Petitioner submitted a reply in this matter.  The purpose of a reply is to respond to new material or affirmative defenses set forth in an answer (8 NYCRR §§275.3 and 275.14).  A reply is not meant to buttress allegations in the petition or to belatedly add assertions that should have been in the petition (Appeal of Caswell, 48 Ed Dept Rep 472, Decision No. 15,920; Appeal of Hinson, 48 id. 437, Decision No. 15,908; Appeal of Baez, 48 id. 418, Decision No. 15,901).  Therefore, while I have reviewed the reply, I have not considered those portions containing new allegations or exhibits that are not responsive to new material or affirmative defenses set forth in the answer. 

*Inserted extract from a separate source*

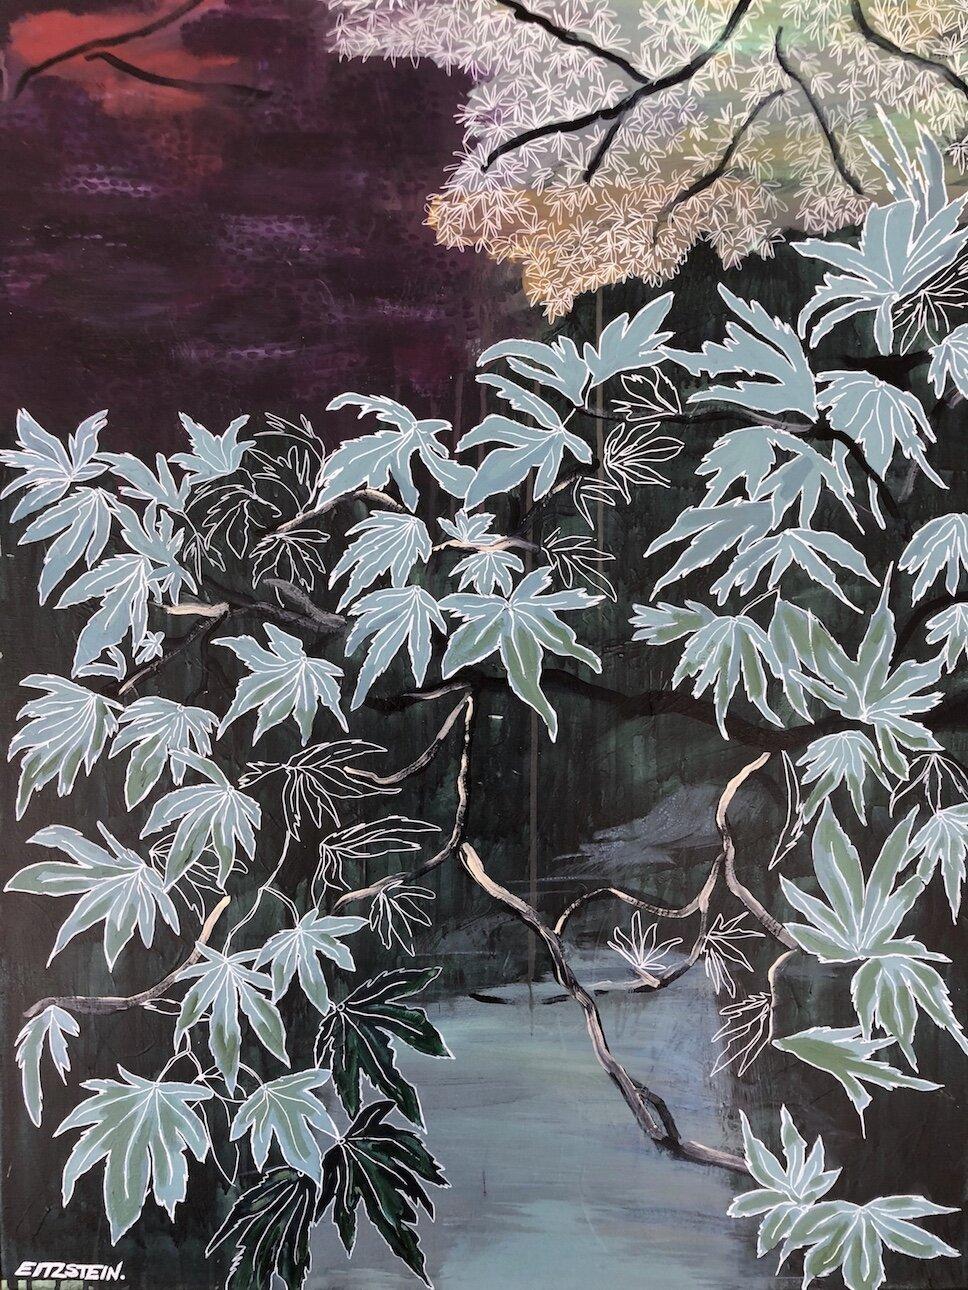 ONE LIFE, ONE ENCOUNTER    Acrylic on linen, framed in raw oak, 76cm x 102cm

The appeal must be dismissed as moot.  The Commissioner will only decide matters in actual controversy and will not render a decision on a state of facts which no longer exist or which subsequent events have laid to rest (Appeal of a Student with a Disability, 48 Ed Dept Rep 532, Decision No. 15,940; Appeal of M.M., 48 id. 527, Decision No. 15,937; Appeal of Embro, 48 id. 204, Decision No. 15,836).  As noted above, the record indicates that voters defeated the bond vote referendum by a vote of 708 (yes) to 981 (no) on December 16, 2014.  Moreover, petitioner sought interim relief in this matter which was denied; however, his request for interim relief did not include a request to stay the vote on the proposition and sought only a prohibition of the continued dissemination of allegedly partisan and non-factual information related to the vote.  Thus, given the defeat of the referendum which petitioner claimed was improperly promoted by respondents, there is no longer any actual case or controversy related to the conduct of the vote.  As such, petitioner’s claims related to this proposition must be dismissed as moot.   

In light of this disposition, I need not address the parties’ remaining contentions.  Nevertheless, I remind the district that boards of education must conduct all votes and elections in accordance with Phillips v. Maurer, et al. (67 NY2d 672).